Malgré des contextes socio-économiques différents et des politiques d’immigration et d’intégration diverses, depuis les années quatre-vingt, on assiste dans les pays de l’Union européenne et aux États-Unis, à un retournement de l’image de l’immigré et du demandeur d’asile. Considéré auparavant comme une main d’œuvre bienvenue, les migrants tendent à présent à être perçus comme des criminels, des fauteurs de troubles, des fraudeurs économiques et sociaux, des terroristes, des inassimilables… Pratiquement au cœur de tous les débats politiques, ils sont transformés en une menace non seulement pour l’État mais aussi pour la société, sa sécurité et son identité.

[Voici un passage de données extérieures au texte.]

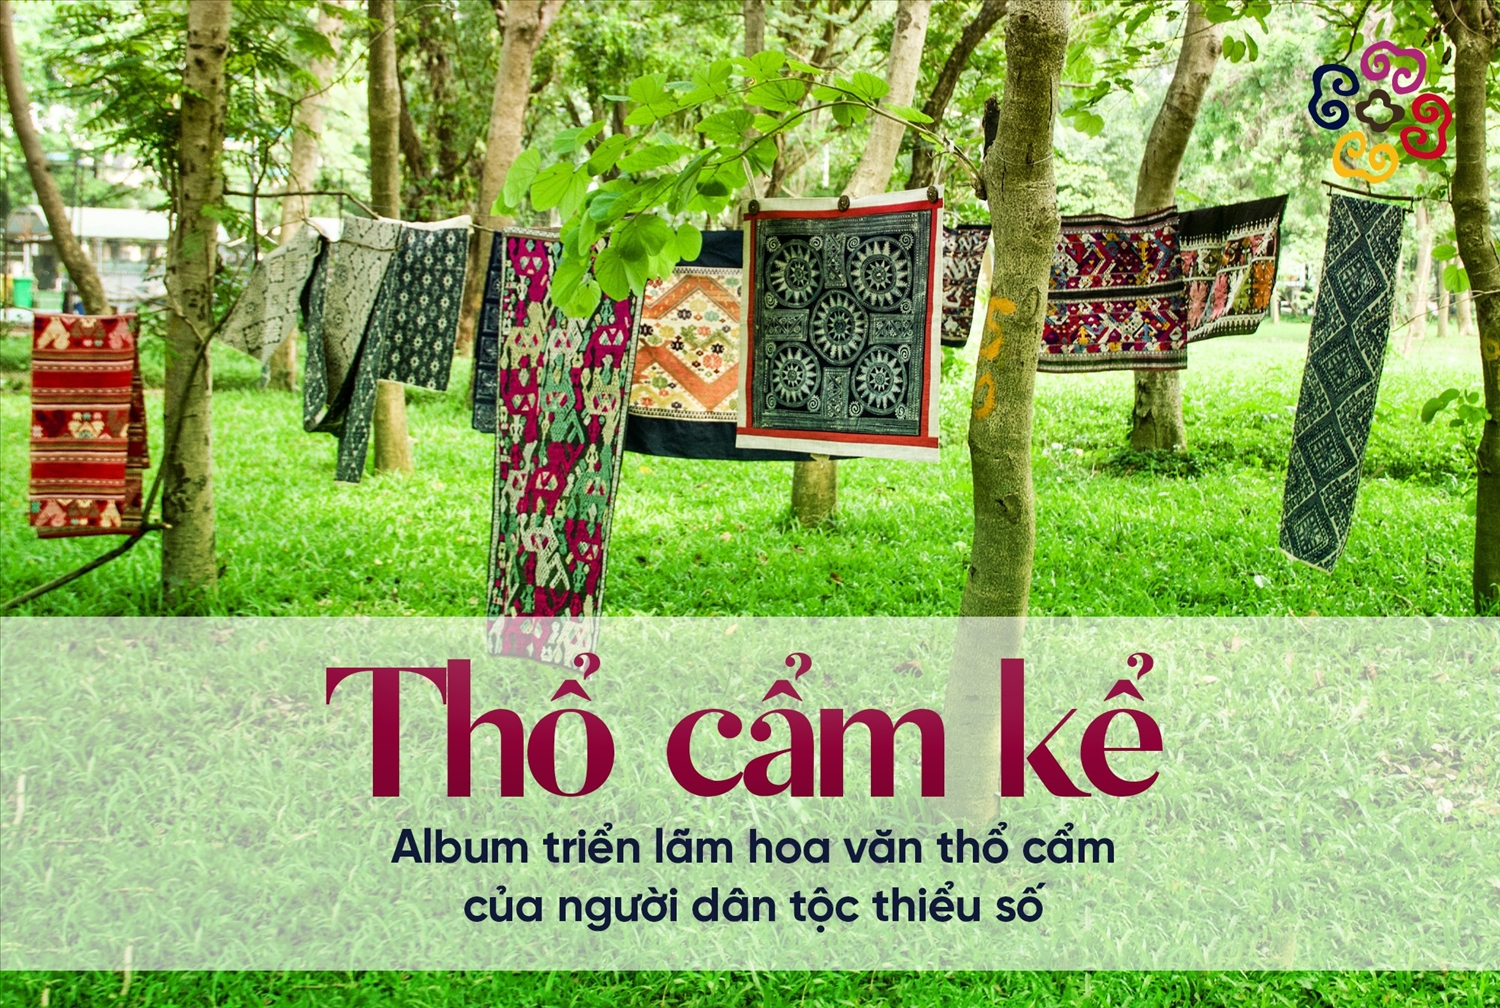 Các hình ảnh về sản phẩm dệt thủ công của bà con đồng bào dân tộc Lào, Thái, Mông được đội ngũ Chie mượn địa điểm để chụp hình, dựng video phục vụ cho hoạt động triển lãm online (nguồn: fanpage Chie – dù pù dù pà ơi)
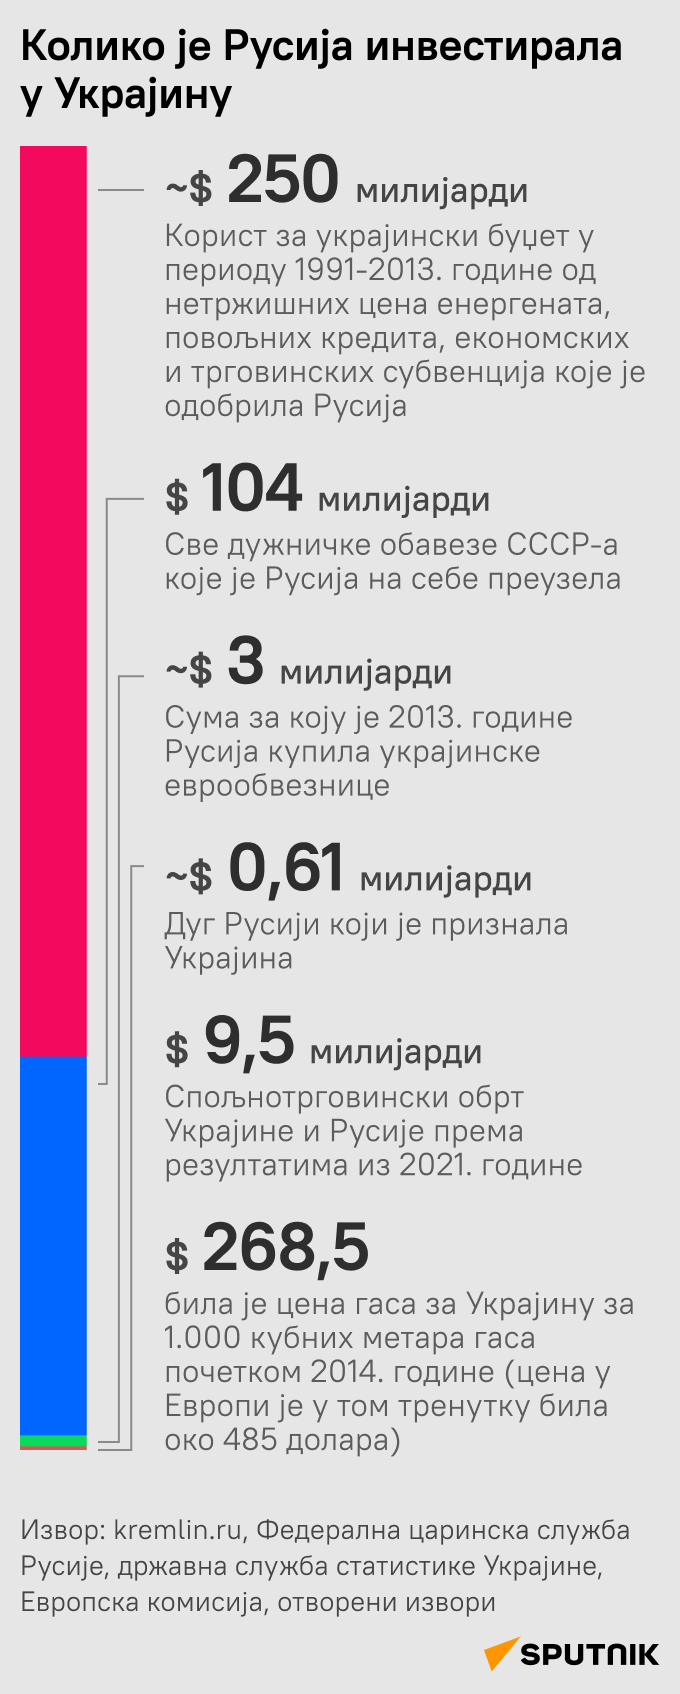 Инфографика Колико је Русија инвестирала у Украјину ЋИР моб - Sputnik Србија

Pourquoi lie-t-on l’immigration (en l’érigeant parfois au rang de « problème numéro un » de la société), aux questions de chômage, de pauvreté, d’exclusion, de discrimination et de racisme qui, ayant ainsi trouvé une « cause », finissent par être acceptées comme des choses inhérentes à l’ordre naturel ? Pourquoi, à l’instar de la France où, depuis 1982, la législation sur l’immigration a été modifié des dizaines de fois, ce thème capte-t-il toujours l’attention et ne disparaît-t-il pas du débat politique ? Depuis et jusqu’à nos jours, c’est l’immigration qui devient le catalyseur censé résumer les problèmes actuels, laissant de côté les analyses économiques, sociales et culturelles, elle n’est plus appréhendée que sous l’angle quasi exclusif des préoccupations sécuritaires et identitaires.